### [Supplied material]
>>>
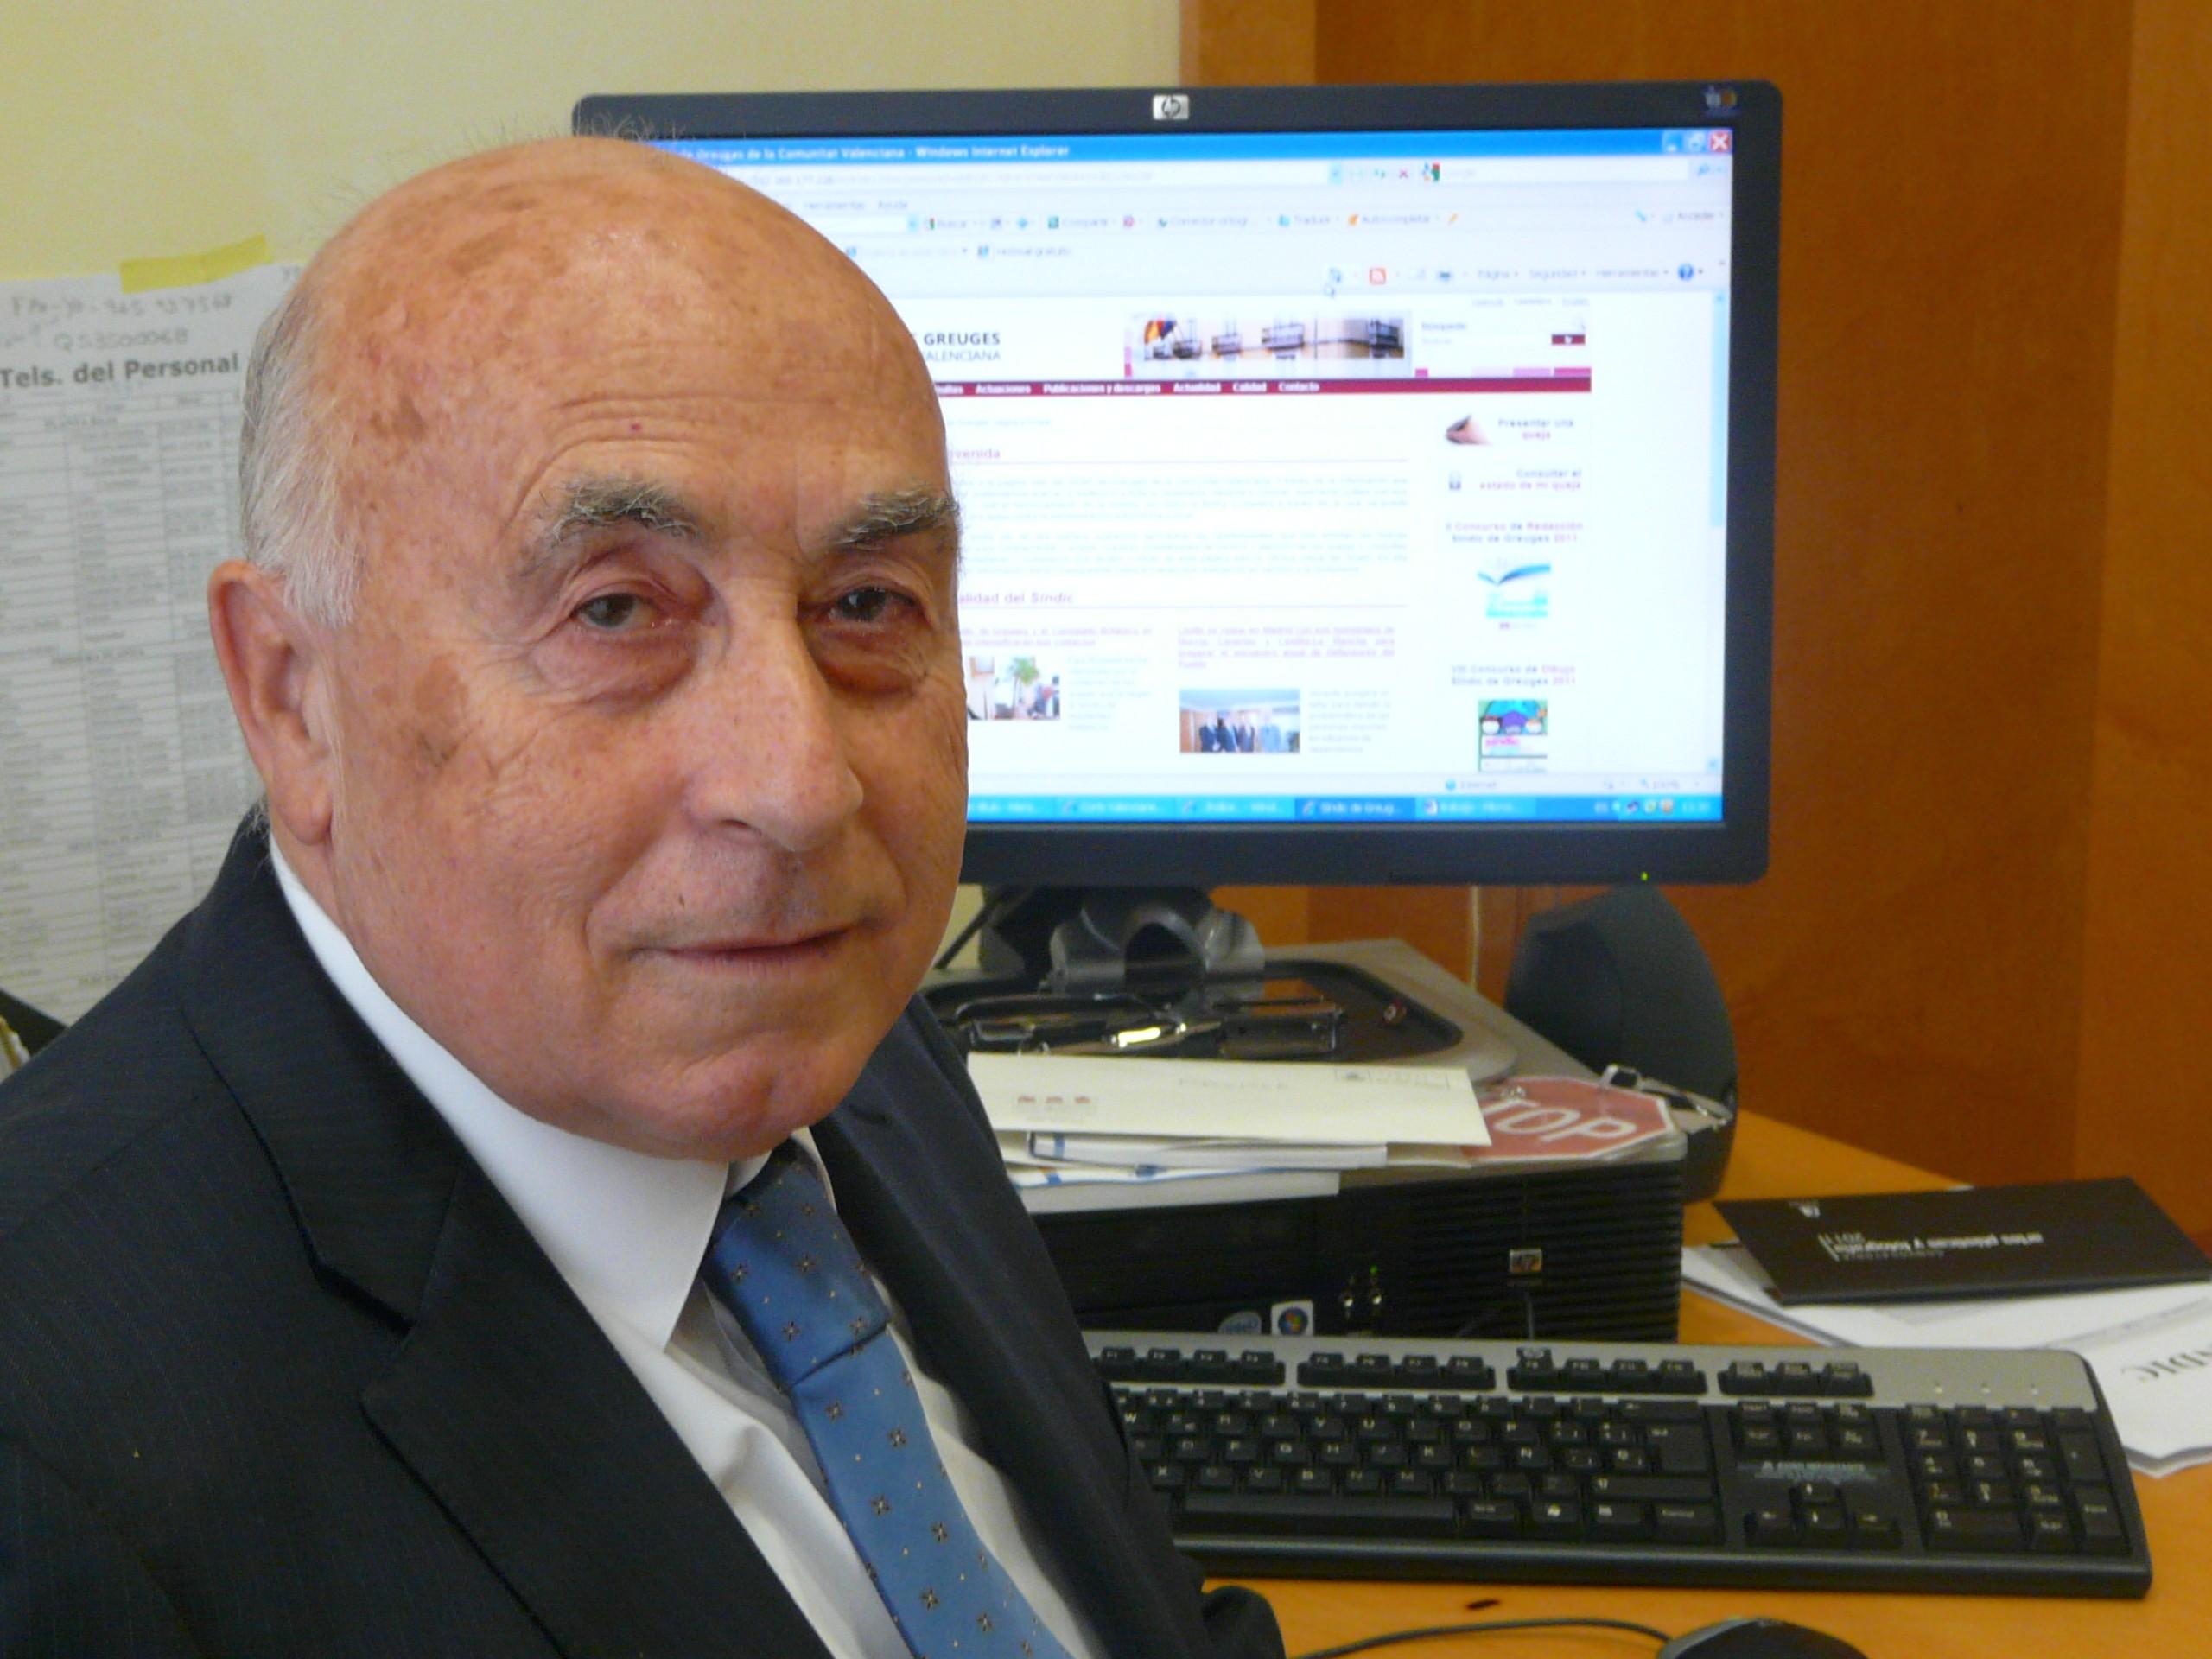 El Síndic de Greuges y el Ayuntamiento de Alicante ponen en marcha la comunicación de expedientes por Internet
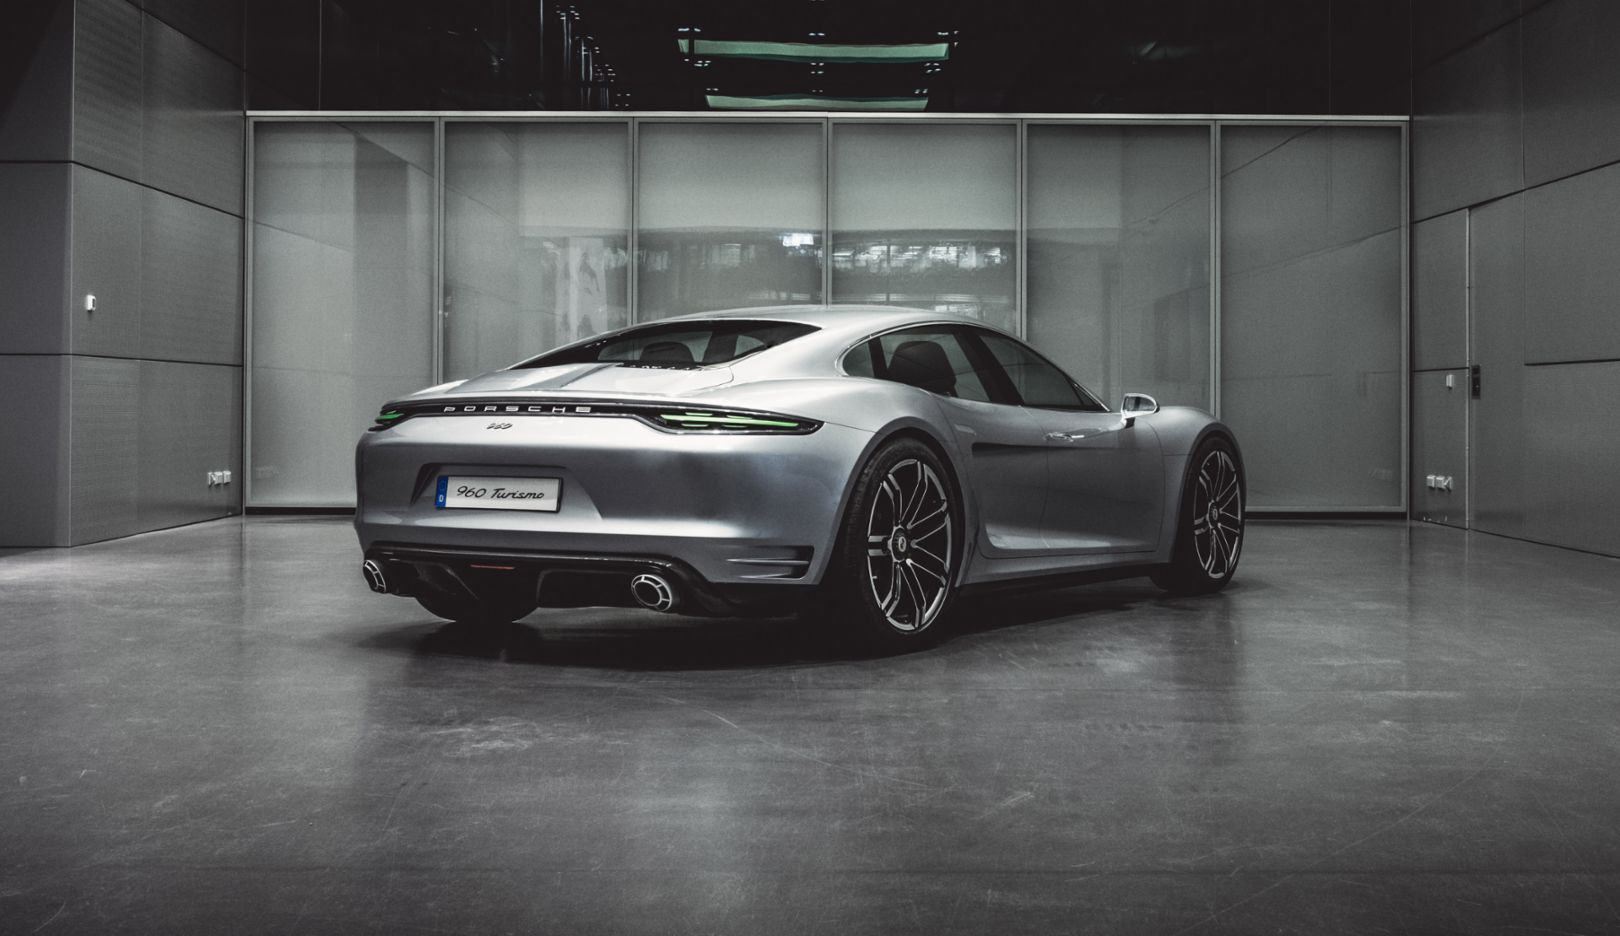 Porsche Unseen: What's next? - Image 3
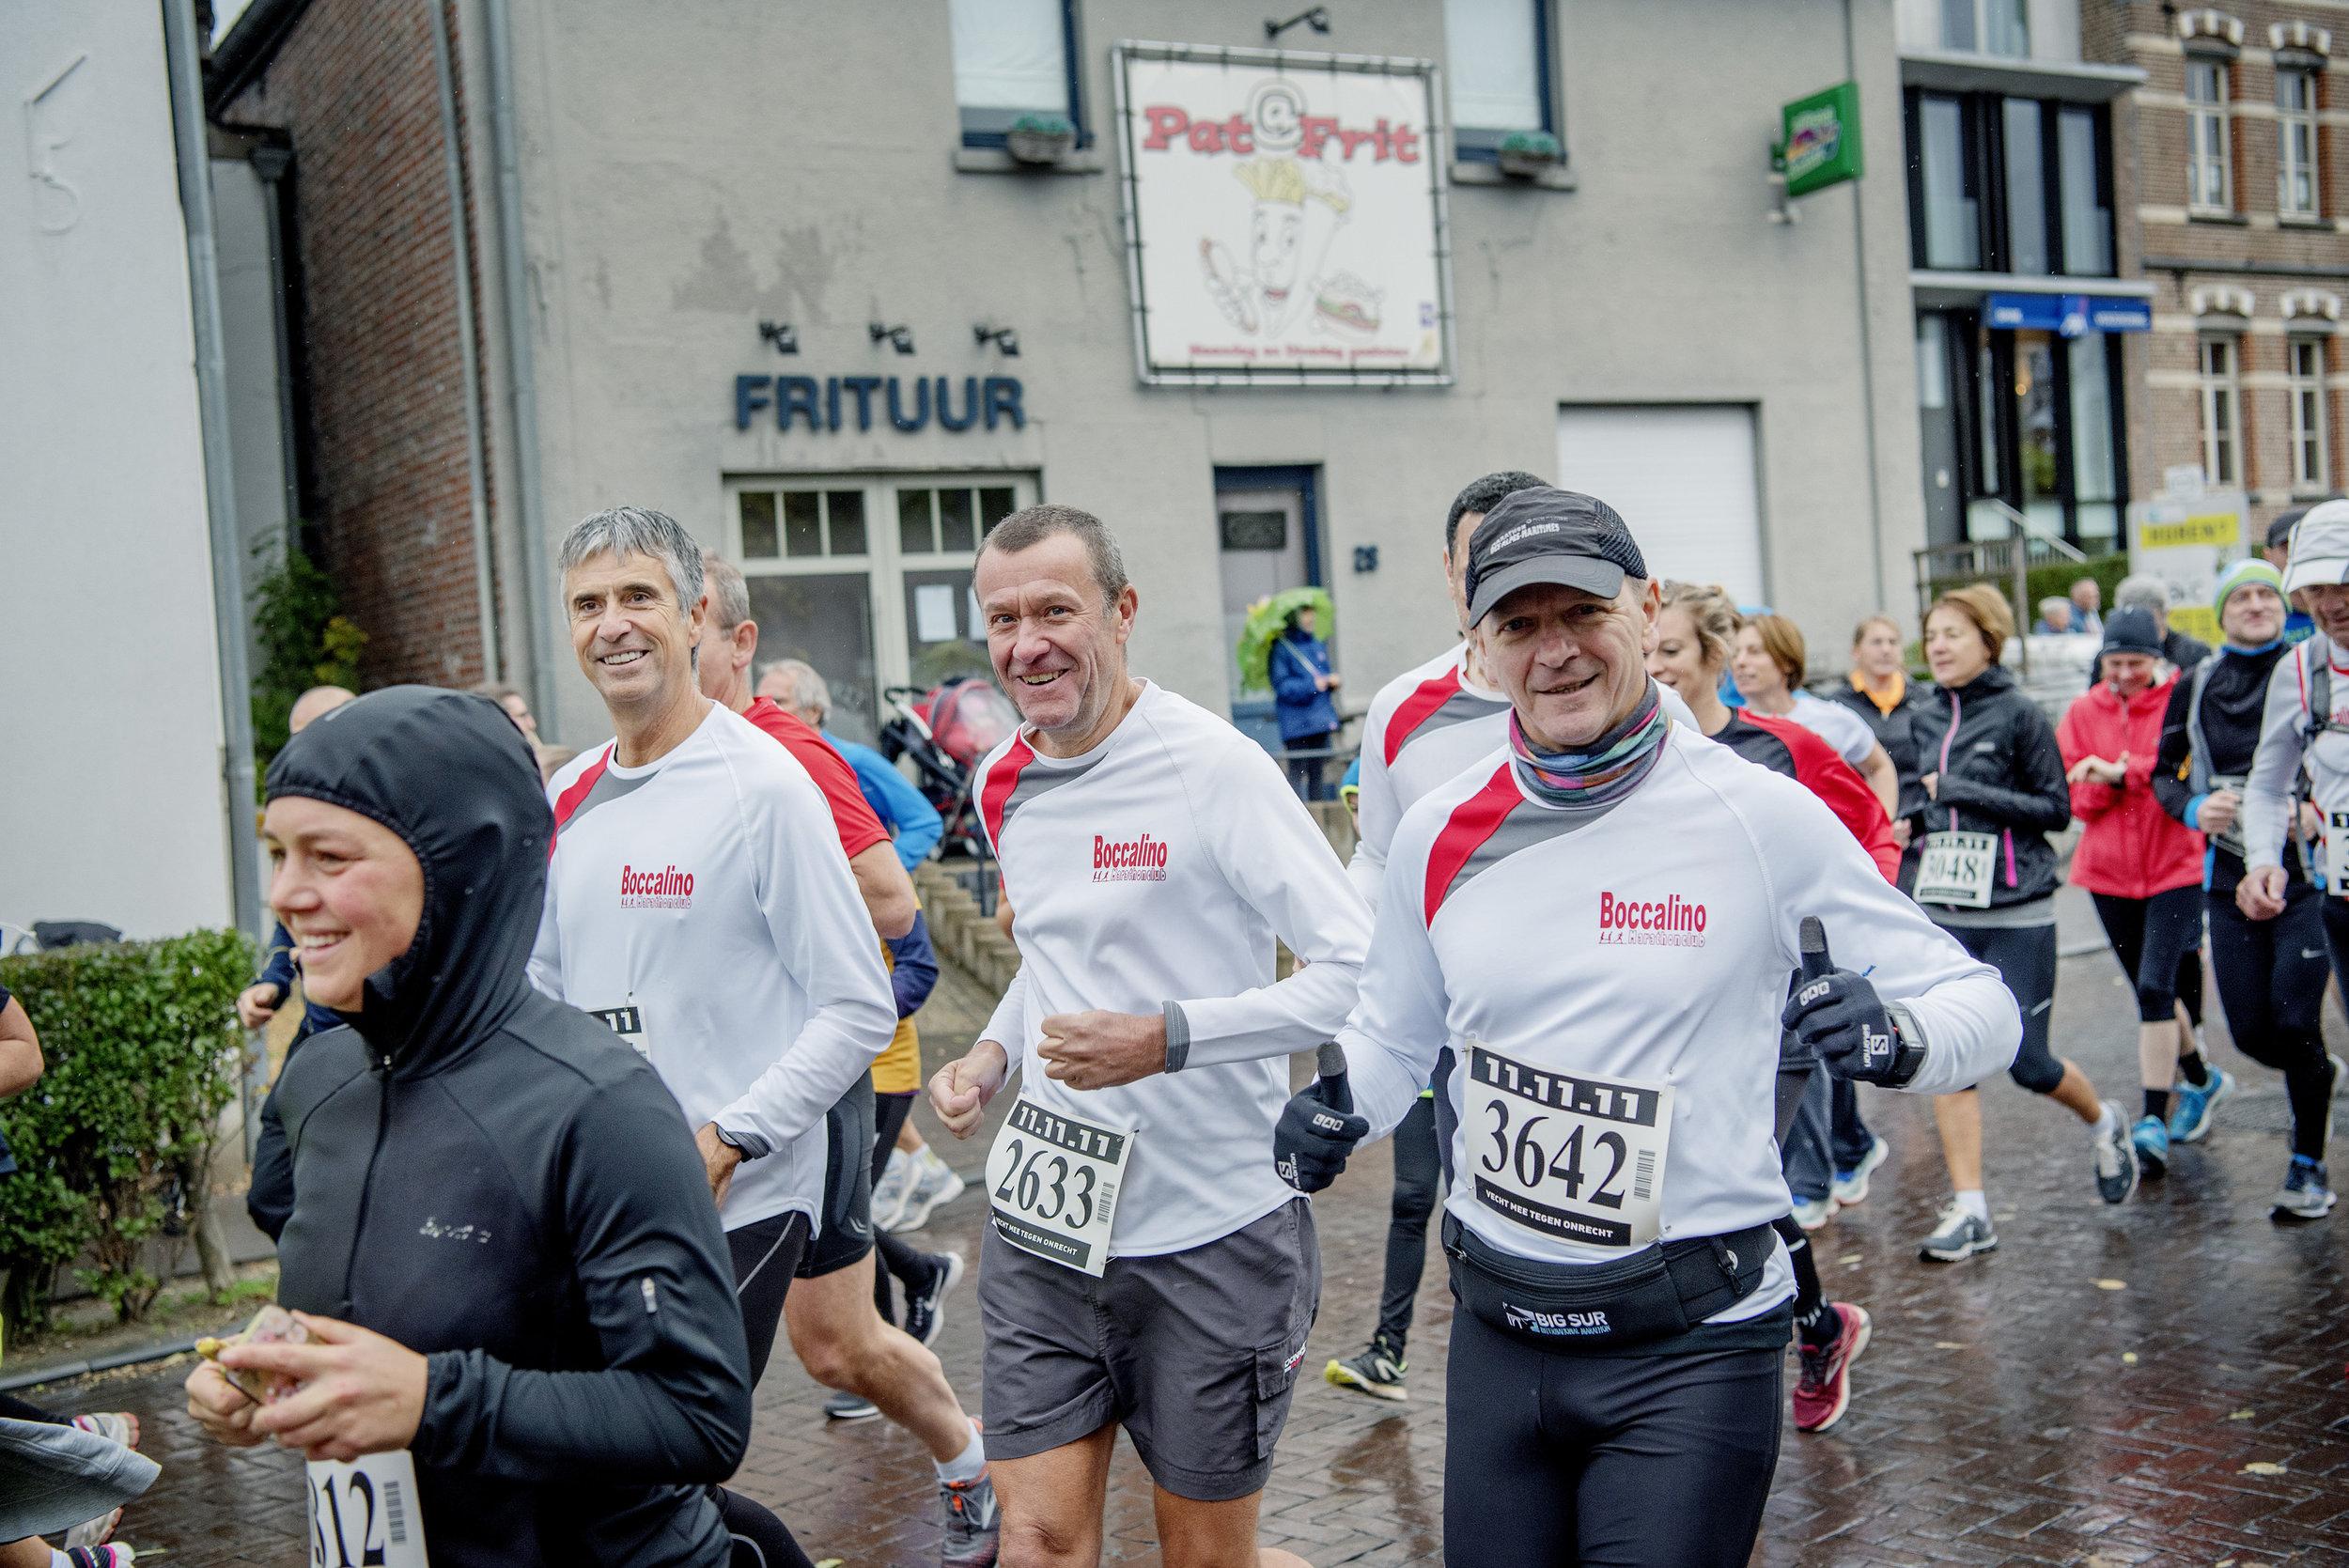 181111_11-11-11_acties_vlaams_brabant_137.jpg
<<<
### [Problem statement]
For this exercise, restate the material exactly and skip every picture.

### [Answer box]
 El Síndic de Greuges y el Ayuntamiento de Alicante ponen en marcha la comunicación de expedientes por Internet
 Porsche Unseen: What's next? - Image 3
 181111_11-11-11_acties_vlaams_brabant_137.jpg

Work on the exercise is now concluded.